El mártir por excelencia del rock, despreciaba la música que hizo de él una estrella. Eurípides dijo que los dioses para castigarnos nos conceden el éxito. Poco o nada interesaban sus letras inspiradas en Blake y pobladas de imágenes visionarias arrancadas al ácido. Demasiado herméticas para las jovencitas, demasiado apolíticas para la progresía que protestaba contra la guerra y a la que Unknow Soldier no le bastaba para hacer de él un abanderado de su causa. Sólo querían al bello adonis cantando Hello I Love You, y al que Jim fue escondiendo bajo una barba poblada. Destruyendo con minuciosa dedicación y exquisita entrega trago tras trago hasta que sólo quedó el poeta de voz rota y alma quemada cantando: I’m a changeling/ see me change.

Nunca se quiso ser una estrella, pero sólo se alejó del epicentro de la fama para morir en paz. La muerte quiere intimidad, hay que recibirla con la casa vacía y los visillos corridos, sin demasiada luz, sólo algunas velas. Después de todo, no es tan espantosa. Después de todo, sólo en la vida hay dolor.

«La muerte te va a ocurrir una sola vez; no me la quiero perder.»

Y no lo hizo. La cita tuvo lugar un 3 de julio de 1971, a los 27 años. Como Brian, Jimmi, Janis, Kurt y Amy.

Jim, como los que le antecedieron y los que vendrían más tarde, ofició una celebración de la muerte en el altar de los dioses perdidos a la que todos fuimos invitados.

Jim Morrison

La crónica de Jim Morrison cifra el devenir de su nación desde una inocencia impostada, procurada por la recién alumbrada «sociedad del bienestar», hacia el desencanto de los setenta, cuando quedó claro que la expansión de la conciencia sólo revelaba el vacío al que pone cerco. Y al final del sueño, siempre aparece un monstruo.

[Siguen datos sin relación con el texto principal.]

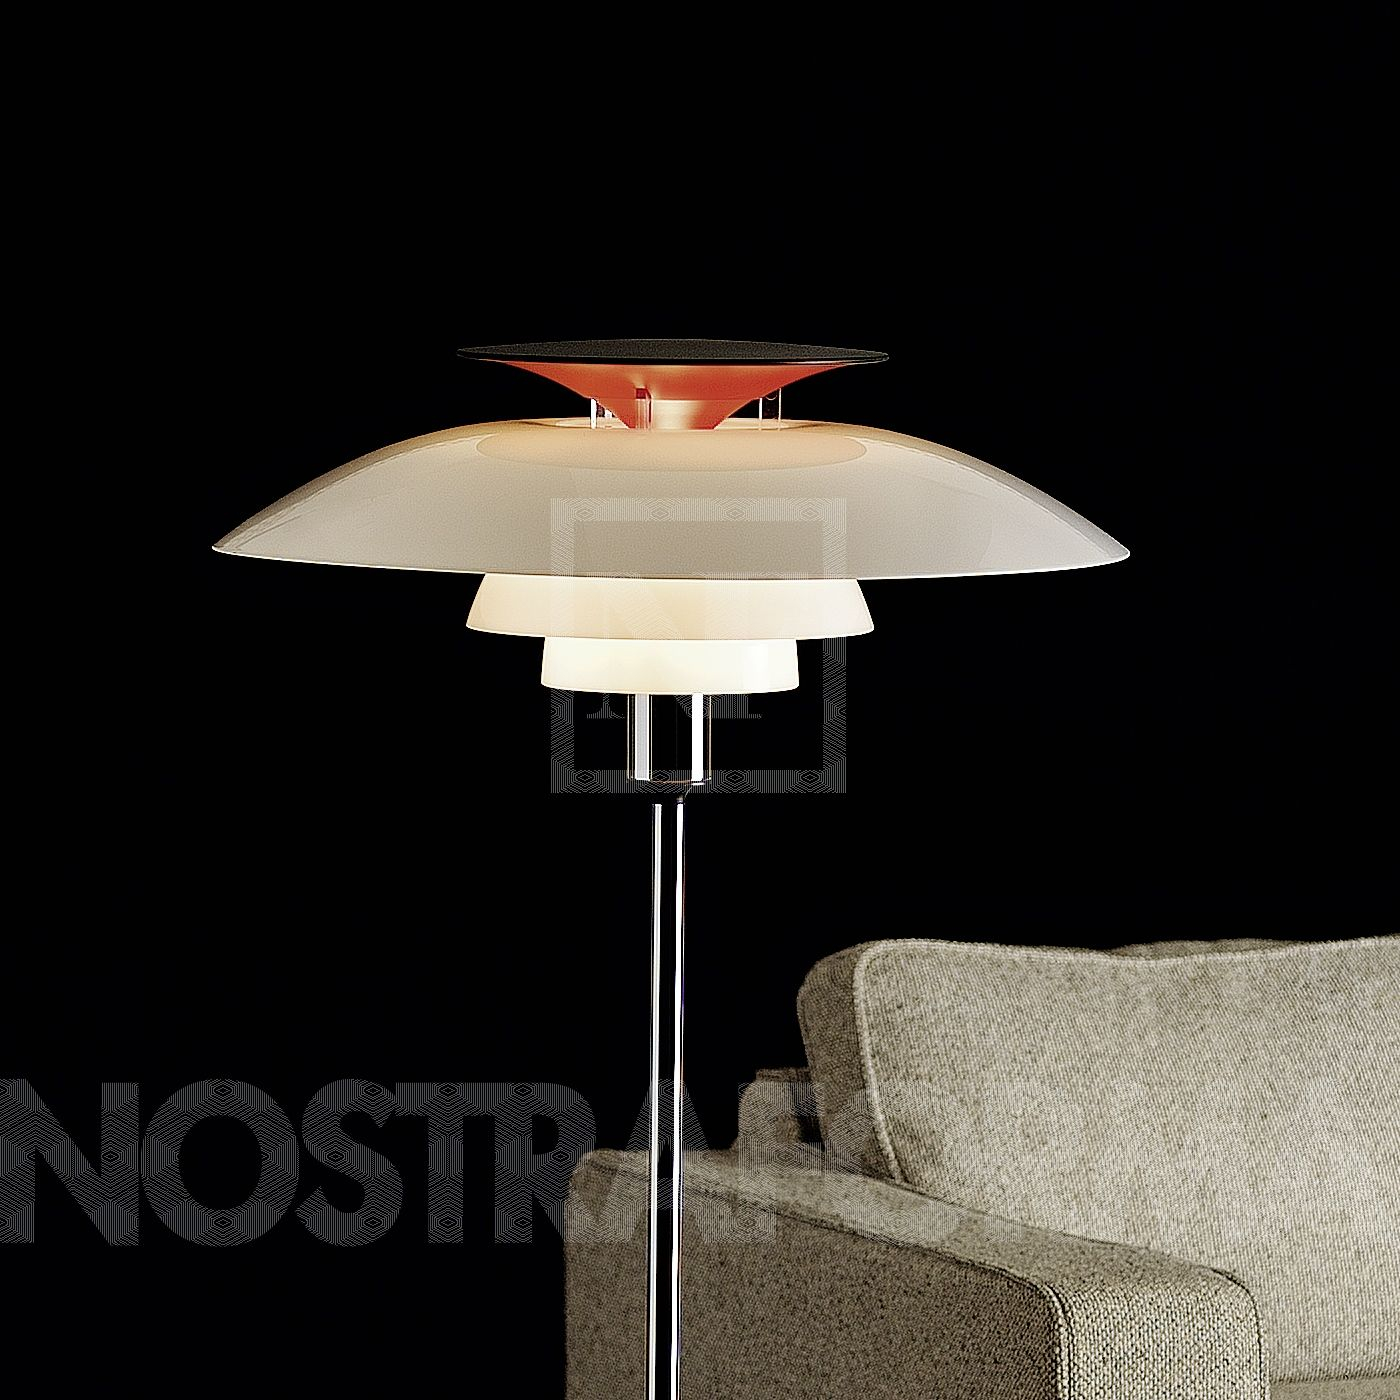 Louis Poulsen Ph 80 Floor Lamp throughout dimensions 1400 X 1400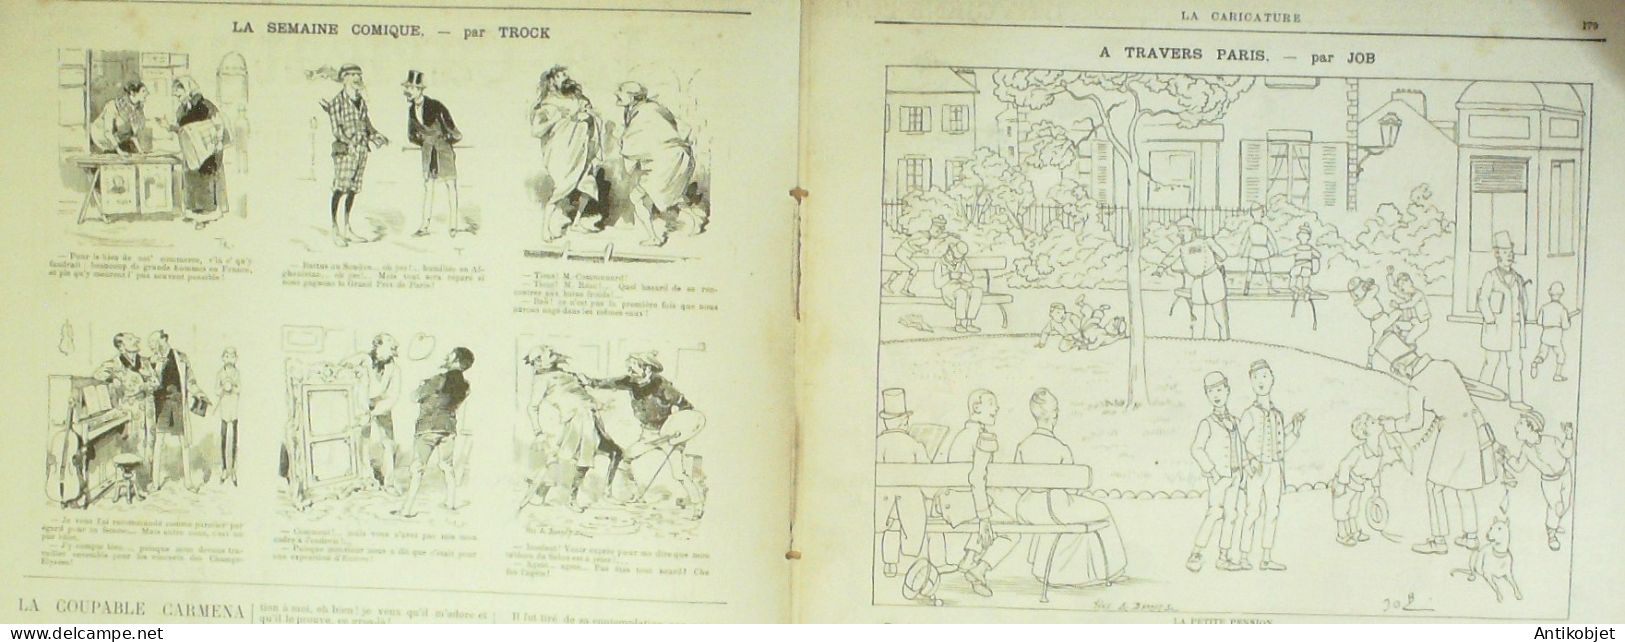 La Caricature 1885 N°284 Civils & Militaires Caran D'Ache Hygiène Trock Job - Magazines - Before 1900

Oliver Stone se adentra en la cultura popular para completar provisionalmente su fresco histórico, luego del lúcido análisis de las injerencias de los Estados Unidos en la política latinoamericana con Salvador (1985), abordar sendos episodios de la guerra de Vietnam en Platoon (1986), y la espléndida Nacido el cuatro de Julio (Born on the Fourth of July, 1989), o caracterizar la casuística del capitalismo financiero en la muy necesaria y actual Wall Street (1987).

Stone, siempre preocupado por adecuar la enunciación al contenido, reelabora a Richard Lester con el impagable concurso de Robert Richardson, que no ahorra en filtros ni osadas disposiciones lumínicas, para dispensar una variedad de texturas y atmósferas que configuran la peculiar estética alucinada y teatral de la cinta. Una puesta en escena litúrgica, sacramental y fúnebre, presenta la crónica de el poeta maldito del rock, sus excesos y frustraciones, sin gloria ni condena. Stone rehúye las fórmulas fáciles del biopic y la focalización externa al personaje. Adoptando la mirada de Morrison, el discurso necesariamente se fragmenta, la cronología se vuelve difusa, y los demás miembros de la banda reducen su presencia a apariciones eventuales. Pero la música, lejos de ser un trasfondo, una contingencia del relato, se apodera de historia, llegando a incluir las interpretaciones completas de algunos temas, como The End.